Mission complete: I have a queryable index of document vectors I can experiment with for searching, clustering, and building applications on top of my journals.

September 3, 2023

Building a language model from scratch, from a tutorial

I’m working from Brian Kitano’s Llama from scratch (or how to implement a paper without crying). It’s very deep, so I probably won’t make it all the way through the long-weekend I’ve allocated for it.

I’ve skimmed the paper, but didn’t pay extremely close attention to the implementation details. But the tutorial provides breadcrumbs into the deeply math-y bits. No problems here.

I noticed that there are Ruby bindings for most of these ML libraries and was tempted to try implementing it in the language I love. But I would rather not get mired in looking up docs or translating across languages/APIs. And, I want to get more familiar with Python (after almost twenty years of not using it).

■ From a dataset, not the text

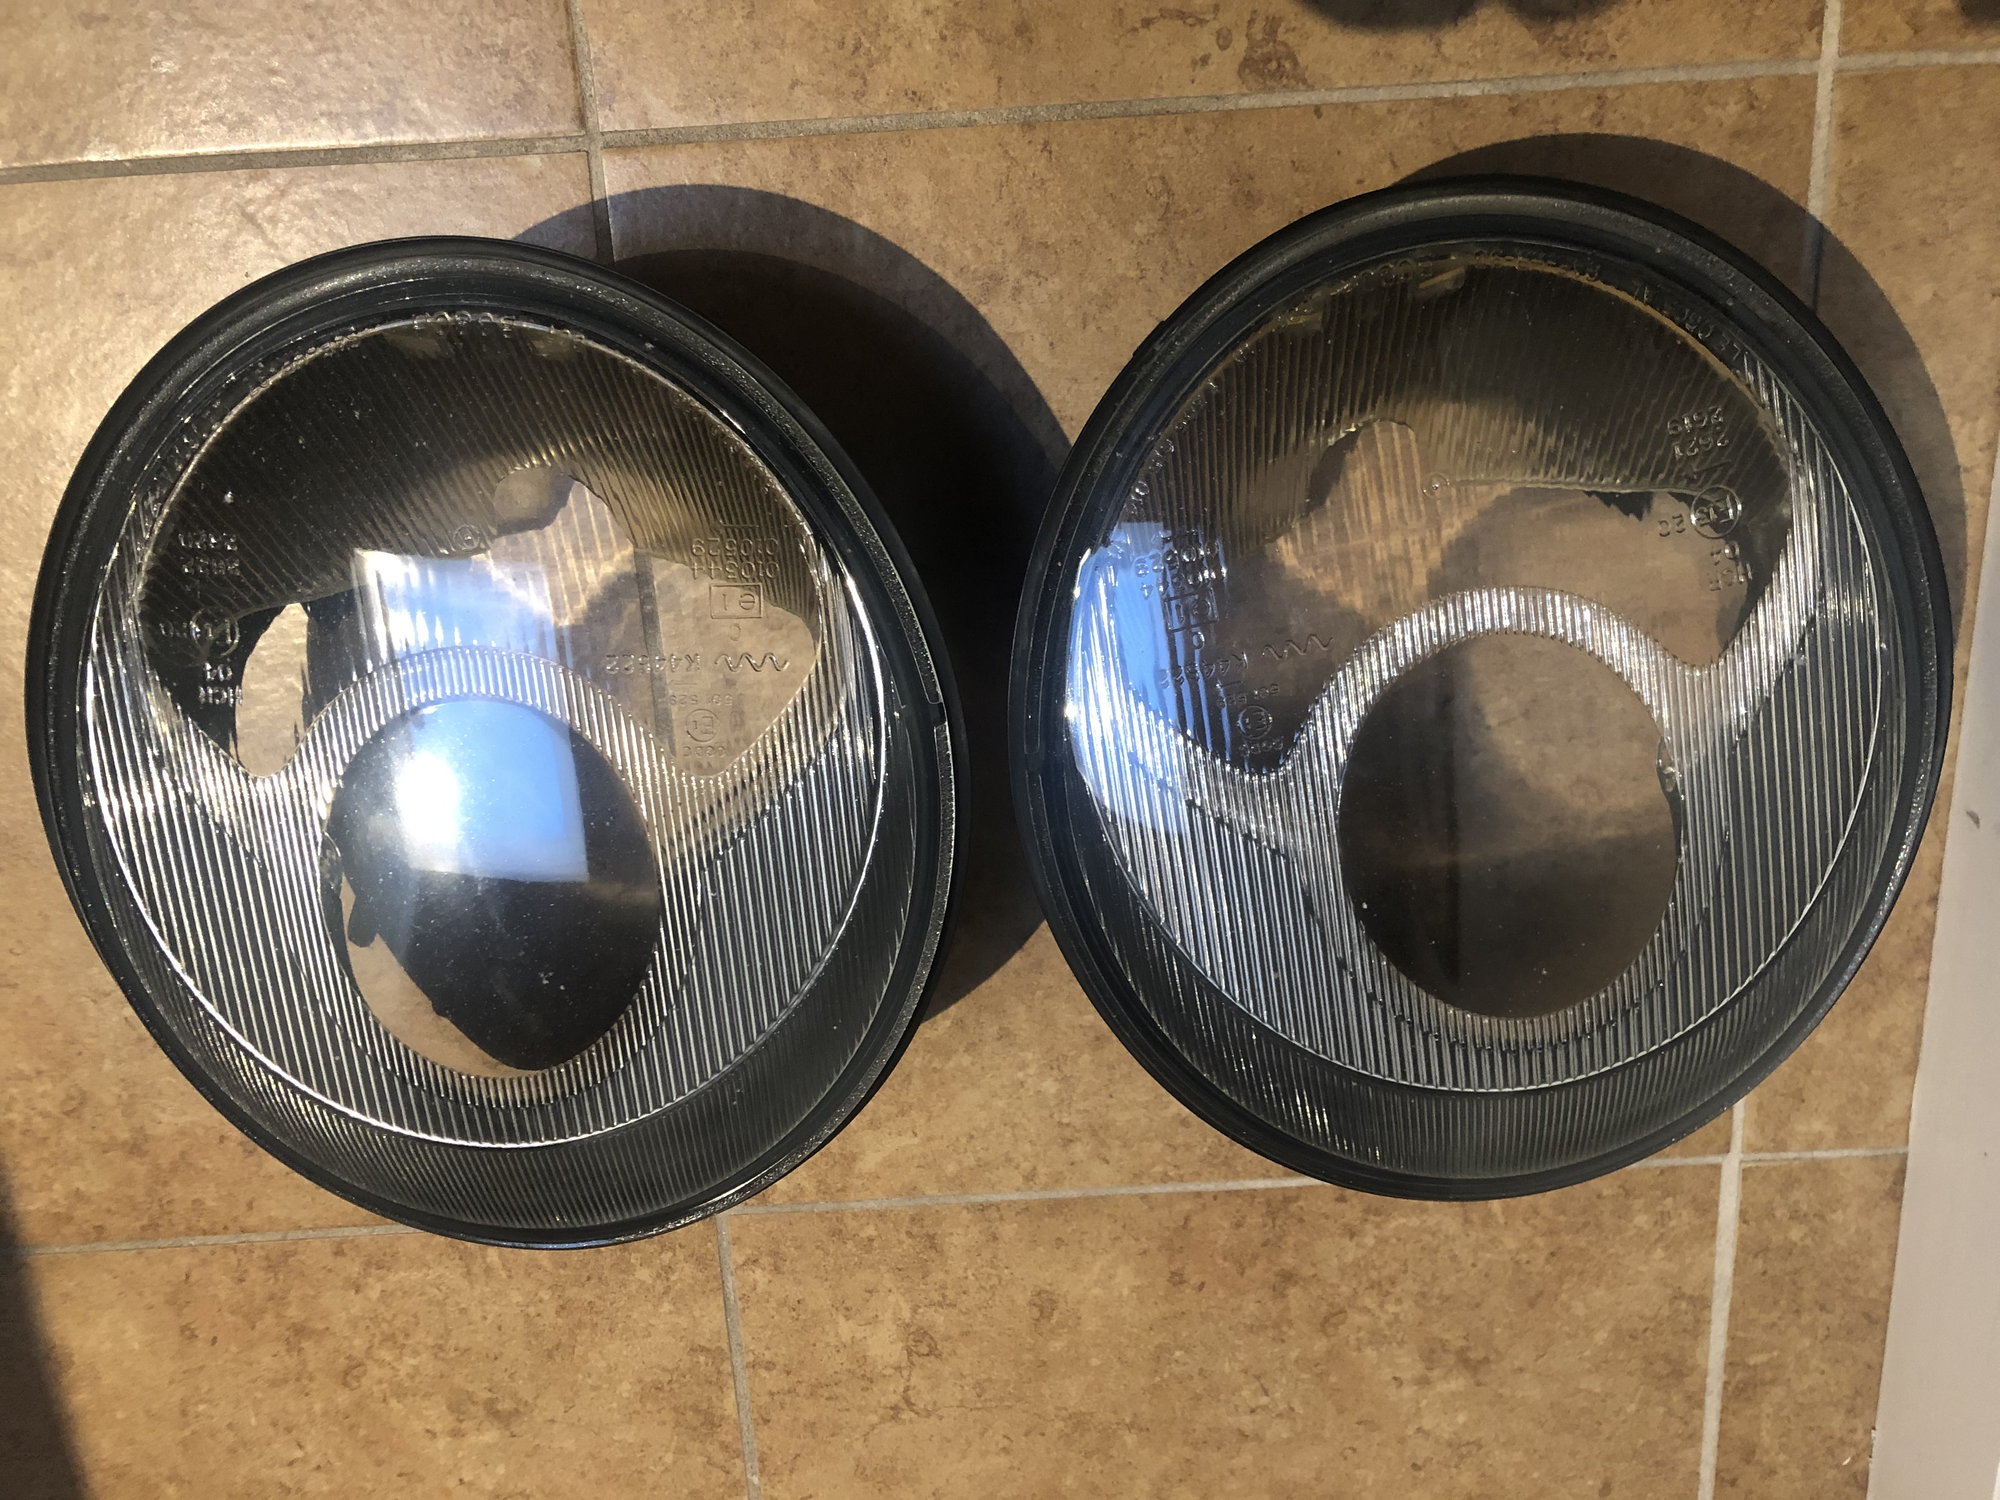 Lights - Porsche 993 headlight lenses - Used - 1994 to 1998 Porsche 911 - Los Gatos, CA 95032, United States

I started off trying to implement this like a Linux veteran would, as a basic CLI program. Nonetheless I switched over to Jupyter as it looks like part of building models is analyzing plots and that’s not going to go well on a CLI. And, so I’m not swimming upstream so much.

Per an idea from Making Large Language Models work for you, I’m frequently using ChatGPT to quickly understand the PyTorch neural network APIs in context. Normally, I’d go on a time-consuming side-quest getting up to speed on an unfamiliar ecosystem. ChatGPT is reducing that from hours and possibly a blocker to a few minutes. Highly recommend reading those slides and trying a few of the ideas in your daily work.